9. Elang Putih

43 1 0
                                    

Aku menitikkan air mata saat ia mengirimkan kabar padaku.

"Dinda, Kakak hendak menikah."

Kesedihan mematahkan keperkasaanku. Foto pernikahan agung kemudian menjadi bukti atas terpenggalnya cinta yang kupelihara selama satu windu.

Kusebut ia elang coklat. Letnan pujaan yang menenggelamkanku dalam cinta panjang penuh nuansa kasih itu.

"Namanya Sari, Dinda. Kelahiran tahun 1974."

Seribu sembilan ratus sembilan puluh enam, ia resmi menjadi suami Amita Hapsari, perempuan yang usianya terpaut dua tahun lebih muda dari usiaku.

"Dinda, jangan sampai hubungan kita putus hanya karena Kakak menikah."

Kenyataannya, aku tak bisa menyembunyikan rasa sedih itu. Kutinggalkan Solo, aku hijrah ke ibukota. Melanjutkan S2 menjadi pilihan utama.

Hanya sekejap kupijak tanah Jakarta. Aku kembali pulang. Keberuntungan demi keberuntungan datang usai kesedihan besar. Setelah berhasil lulus tercepat dari teman-teman satu angkatan di S1 sebuah PTN di kota Solo, aku berhasil lolos masuk S2 di sebuah PTN di Jakarta. Tak berhenti sampai di situ, aku pun berhasil lolos dalam tes PNS.

Keberuntungan tak berhenti mendatangiku. Purnama, sosok teduh dengan jenggot rapi menawan hati, datang meminang diri. Seribu sembilan ratus sembilan puluh sembilan, purnama membawaku pada indah pernikahan.

Karunia Allah tak mampu kulukiskan. Lahir anak-anak penyejuk hati. Kehidupan indah membawaku pada nikmat laksana nikmat surgawi.

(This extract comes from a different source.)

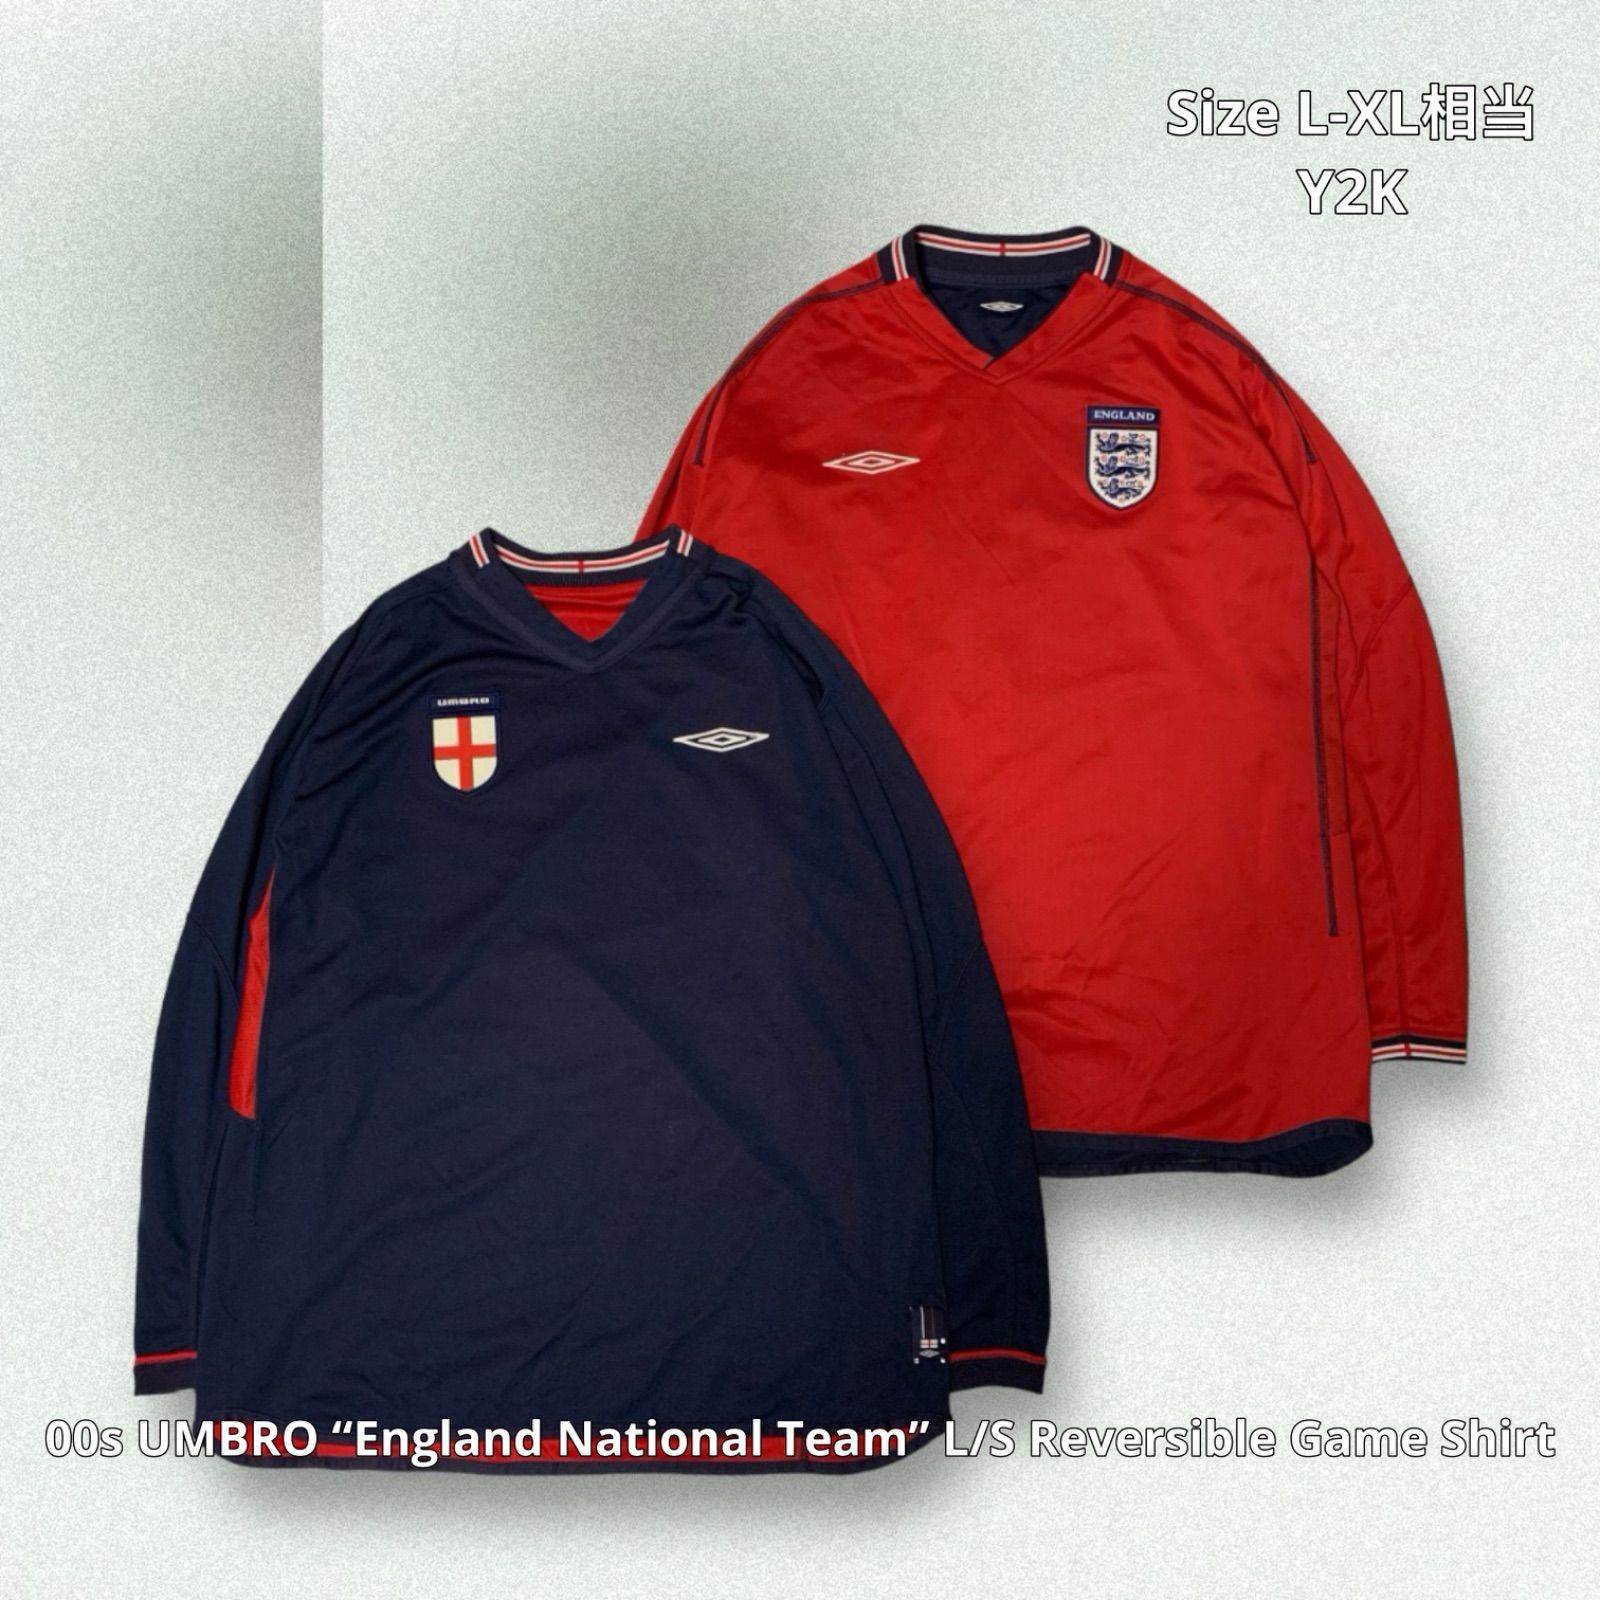 00s UMBRO “England National Team” L/S Reversible Game Shirt

Suatu senja, kudengar kepak sayap elang.

Elang coklat hinggap di ranting basah.

"Dinda...."

"Kakak? Apa kabar?"

Suka cita bersemi untuk sesaat. Elang coklat begitu gagah dan memikat. Ia bukan lagi letnan pujaan, ia kombes tampan nan rupawan.

"Berapa anak Kakak?" tanyaku.

"Aku belum berputra, Dinda...."

"Benar?"

"Benar, Dinda..."

"Anakku dua, Kak..."

"Bersyukur, Dind... indah sekali kehidupanmu."

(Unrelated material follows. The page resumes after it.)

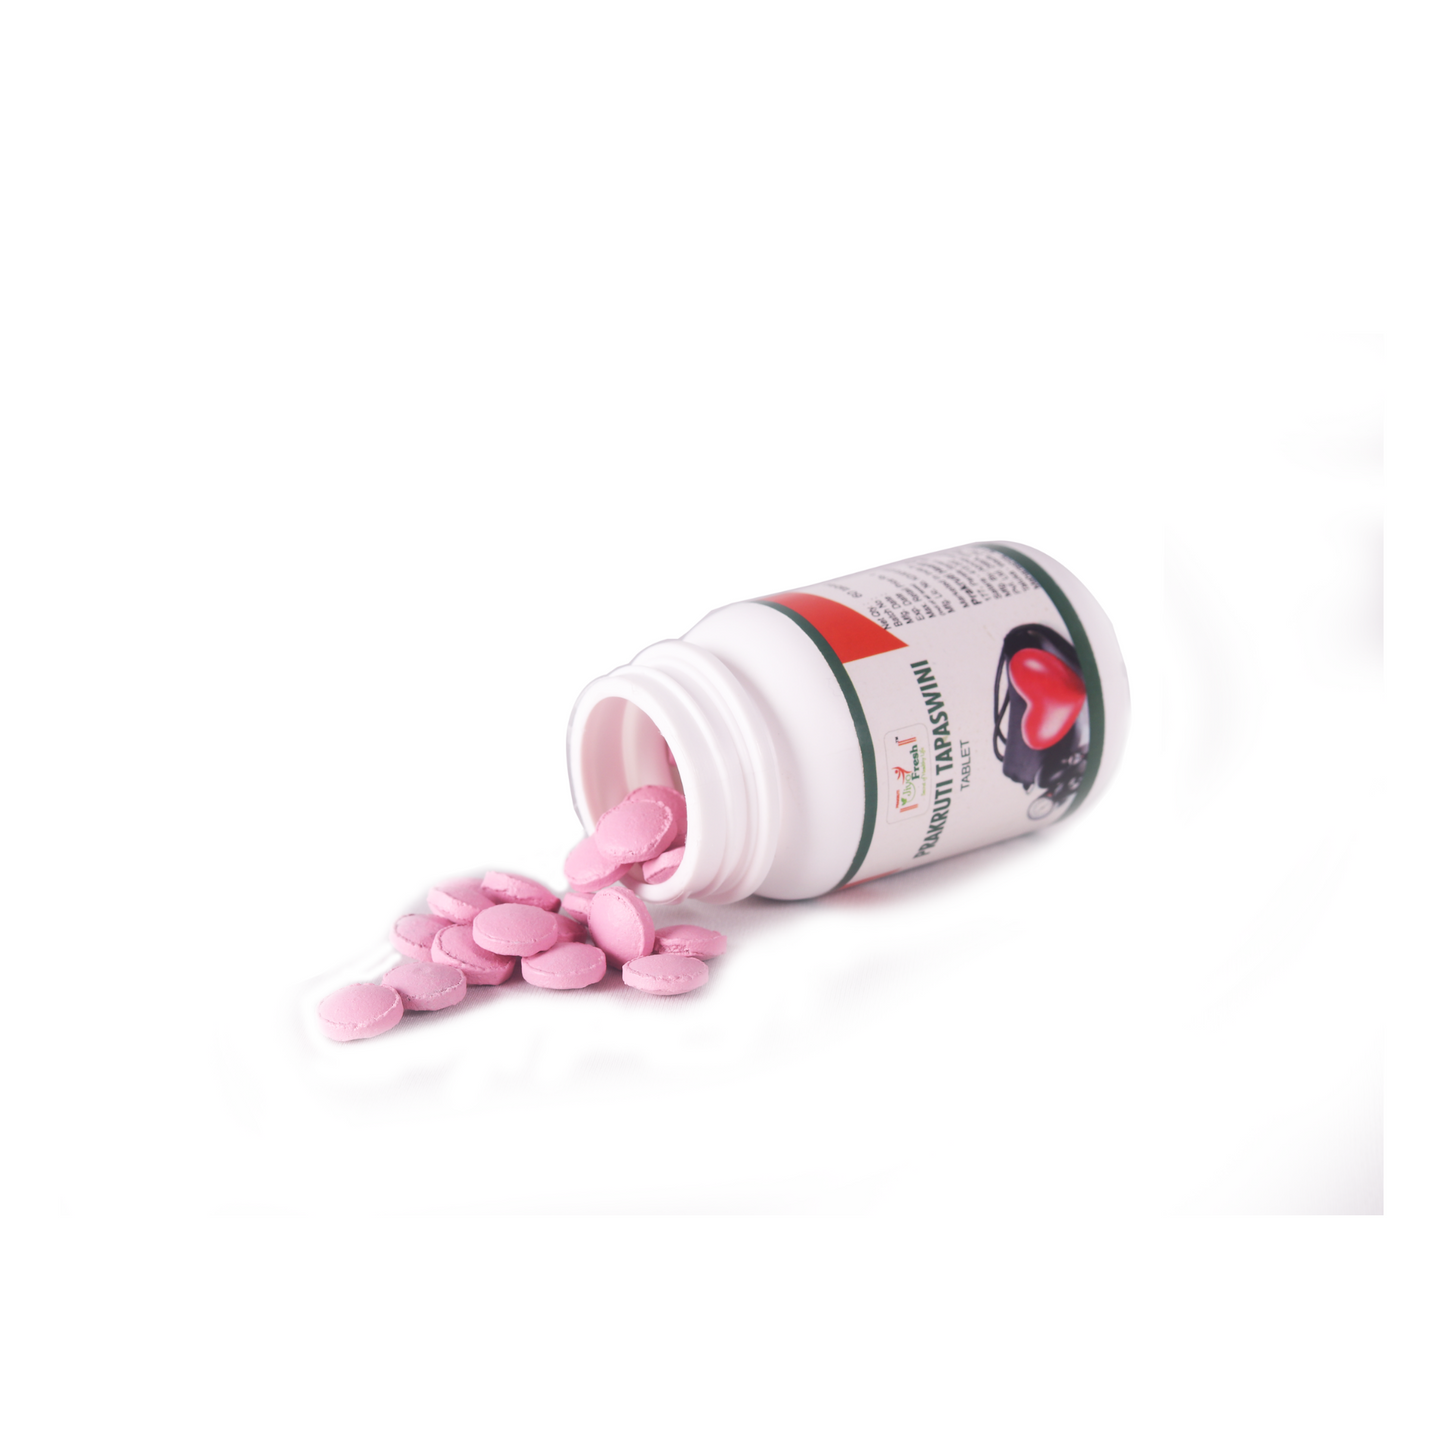 Tapaswini Tablets | Ayurvedic medicine for blood pressure | Medicine for high blood pressure

Gerimis datang. Elang coklat kembali terbang. Pertemuan sekejap membangkitkan kenangan.

***

Telah kukubur elang coklat. Kilau purnama begitu sempurna, hingga terlupa bayang manis di remang senja.

Bersama purnama, bahagia itu kian nyata.

Waktu terus berlalu. Di hening malam aku duduk terpaku. Cahaya purnama meredup, untuk kemudian perlahan menghilang.

Aku terguguk. Purnama terbenam, untuk selamanya....

Malamku terasa kelam. Cahaya indah tinggal bayangan. Tertatih-tatih kususuri jalan. Aduhai, tiada mudah melangkah dalam kesendirian...

Aku berhasil melewati rintangan. Di antara peluh yang membanjiri tubuh, aku duduk berteduh.

Aku terkesiap. Tak jauh dariku... elang gagah lekat menatapku. Elang di dahan kering... elang yang membuat rasaku kembali berdenting.

Ia mirip elang coklat, tapi bukan elang coklat. Ia elang putih. Elang yang tiba-tiba meninabobokan rasaku dengan kidung-kidung kasih...

Telah berlalu rasaku pada elang coklat. Telah terbenam purnama yang kucinta sekian lama. Telah kutenggelamkan diriku dalam lautan perjuangan yang dipenuhi badai dan gelombang.

Saat tiba-tiba elang putih melintas, mengapa seolah panah asmara terlepas?

Elang putih? Adakah sosok elang putih bagi kiasan peletup kasih?